To do this, we import the numpy and matplotlib package and define the ranges and then iterate over a loop and restart the simulation for every input parameter. After each loop, we set the respective parameter back to its original value. We collect the results in lists and can finally make a scatter plot using matplotlib.

Click to expand to code section
# first go back to the original state of the specifications
co.set_attr(Q=-1e6)
cp.set_attr(pr=None, eta_s=0.85)
c1.set_attr(m=None)
c3.set_attr(T=None)
c4.set_attr(T=80)

import matplotlib.pyplot as plt
import numpy as np

# make text reasonably sized
plt.rc('font', **{'size': 18})


data = {
    'T_source': np.linspace(0, 40, 11),
    'T_sink': np.linspace(60, 100, 11),
    'eta_s': np.linspace(0.75, 0.95, 11) * 100
}
COP = {
    'T_source': [],
    'T_sink': [],
    'eta_s': []
}
description = {
    'T_source': 'Evaporation temperature in °C',
    'T_sink': 'Condensation temperature in °C',
    'eta_s': 'Isentropic efficiency in %'
}

for T in data['T_source']:
    c2.set_attr(T=T)
    my_plant.solve('design')
    COP['T_source'] += [abs(co.Q.val) / cp.P.val]
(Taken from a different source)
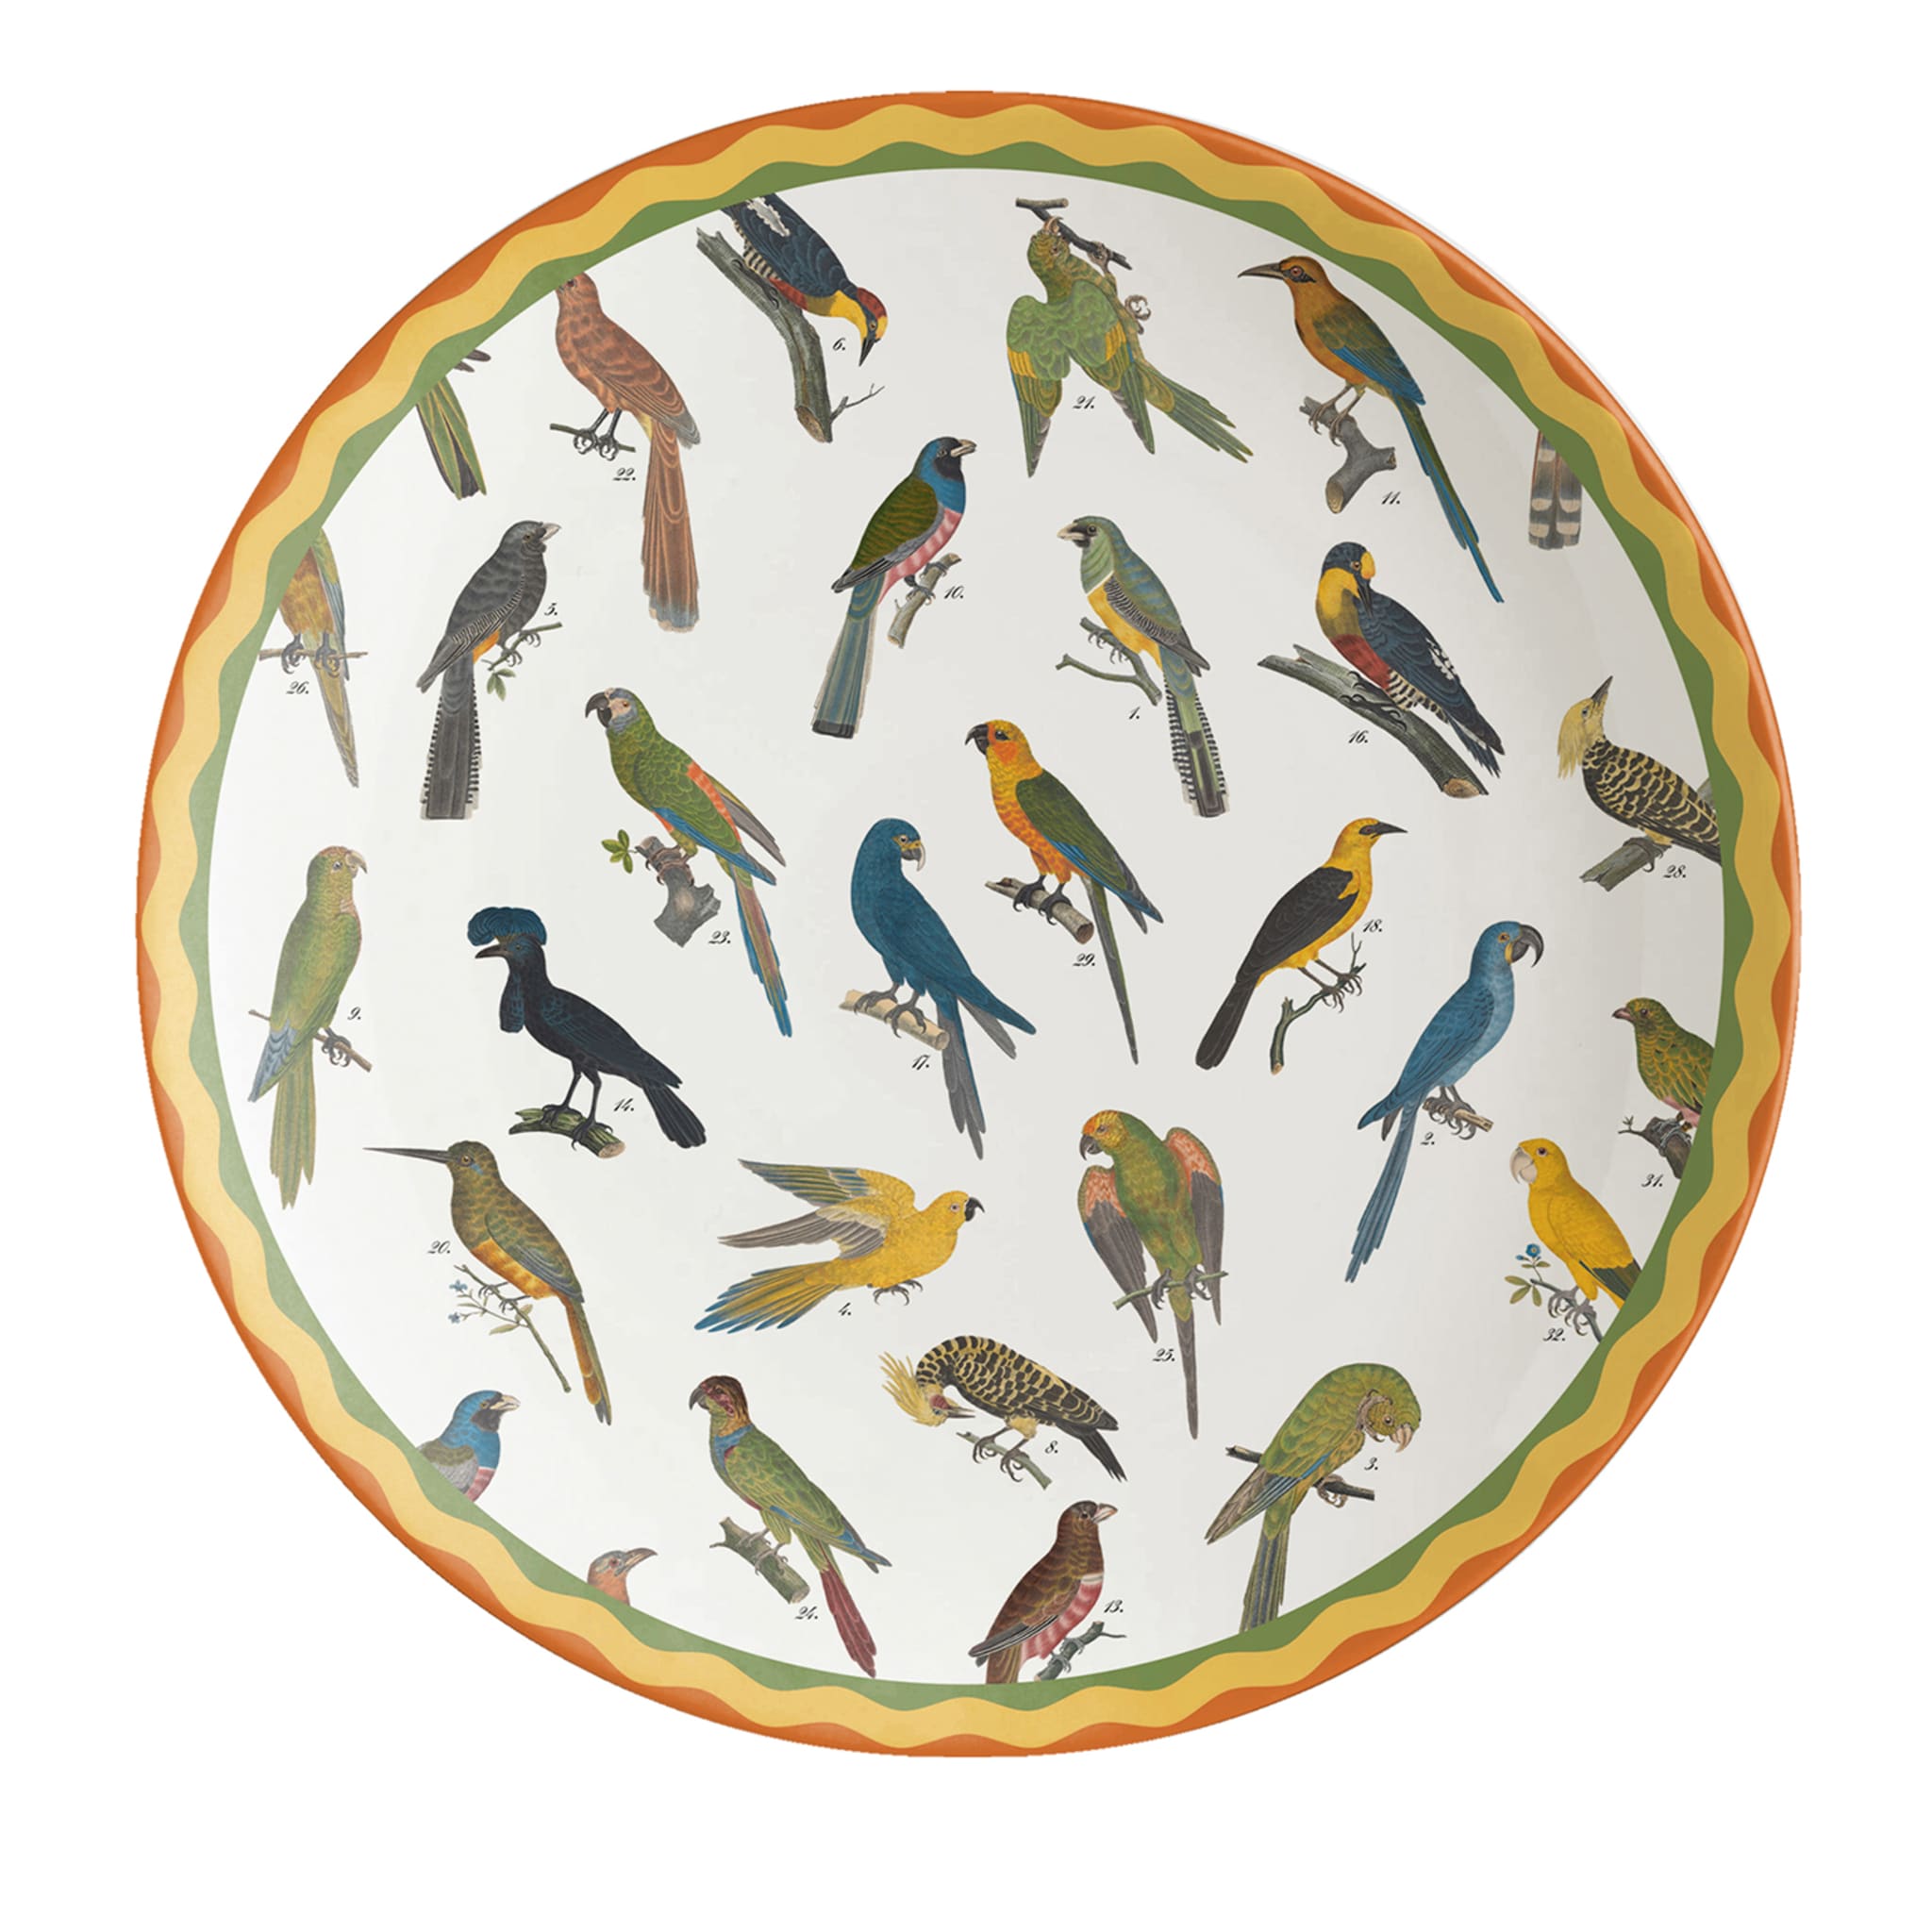 Cabinet De Curiosités Porcelain Charger Plate With Birds - Main view

# reset to base temperature
c2.set_attr(T=20)

for T in data['T_sink']:
    c4.set_attr(T=T)
    my_plant.solve('design')
    COP['T_sink'] += [abs(co.Q.val) / cp.P.val]

# reset to base temperature
c4.set_attr(T=80)

for eta_s in data['eta_s']:
    cp.set_attr(eta_s=eta_s / 100)
    my_plant.solve('design')
    COP['eta_s'] += [abs(co.Q.val) / cp.P.val]
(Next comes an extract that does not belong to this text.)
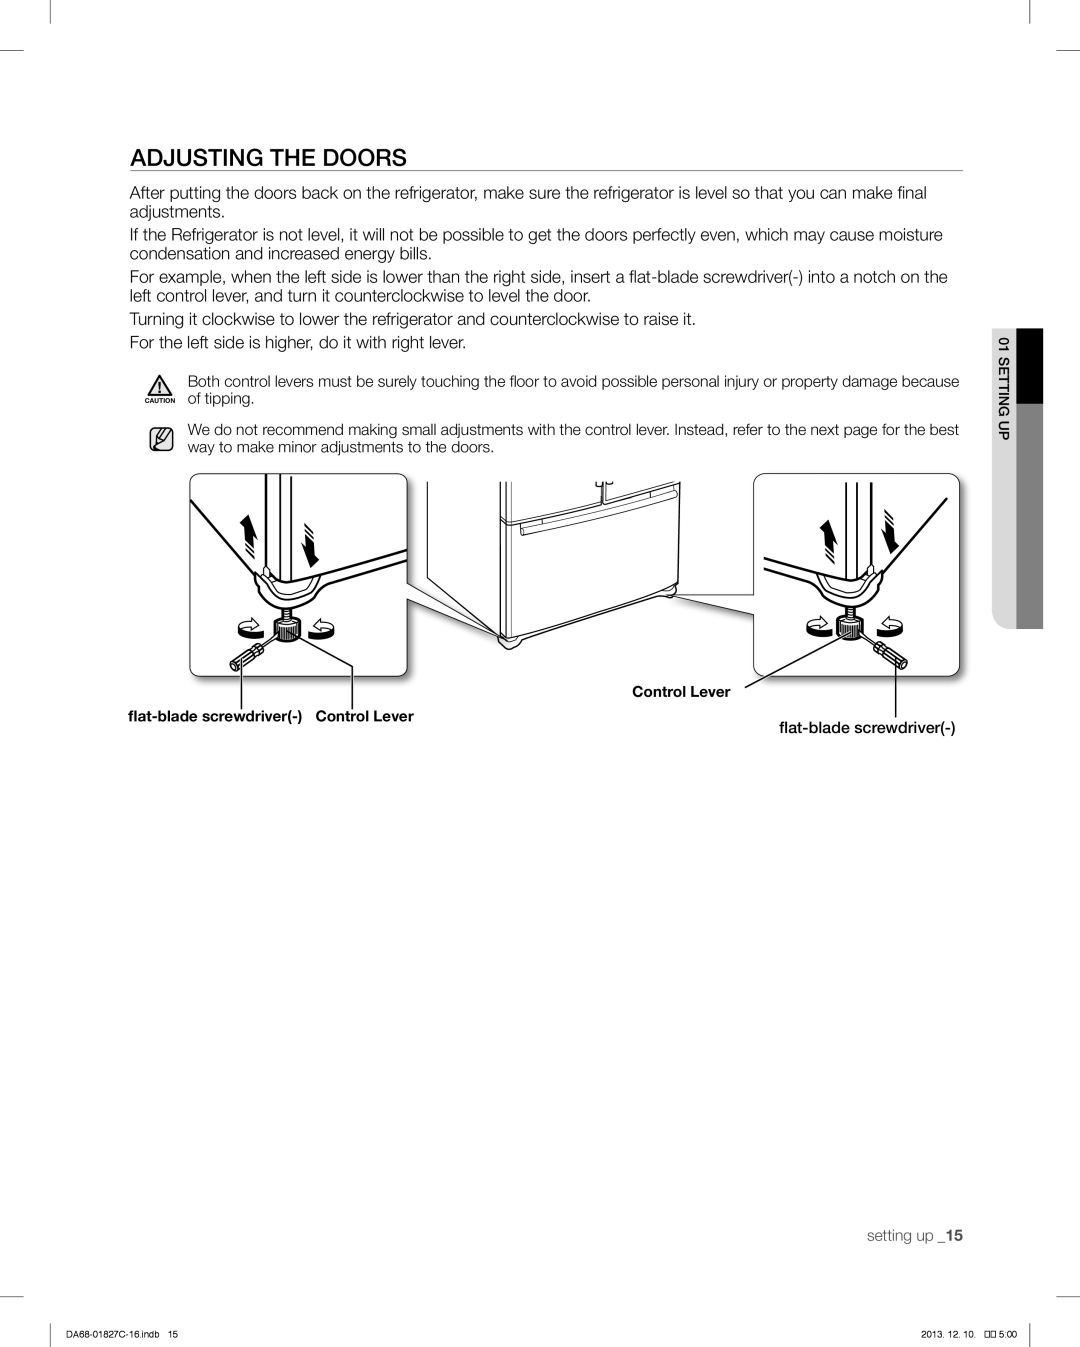 Samsung RFG237AARS user manual Adjusting The Doors, flat-blade screwdriver

fig, ax = plt.subplots(1, 3, sharey=True, figsize=(16, 8))

[a.grid() for a in ax]

i = 0
for key in data:
    ax[i].scatter(data[key], COP[key], s=100, color="#1f567d")
    ax[i].set_xlabel(description[key])
    i += 1

ax[0].set_ylabel('COP of the heat pump')

plt.tight_layout()

fig.savefig('heat_pump_parametric.svg')
Parametric analysis of the heat pump's COP

Figure: Parametric analysis of the heat pump’s COP#

Parametric analysis of the heat pump's COP

Figure: Parametric analysis of the heat pump’s COP#

The figure shows the results of the COP analysis. The base case is at an evaporation temperature of 20 °C, the condensation temperature at 80 °C and the isentropic efficiency of the compressor at 85 %.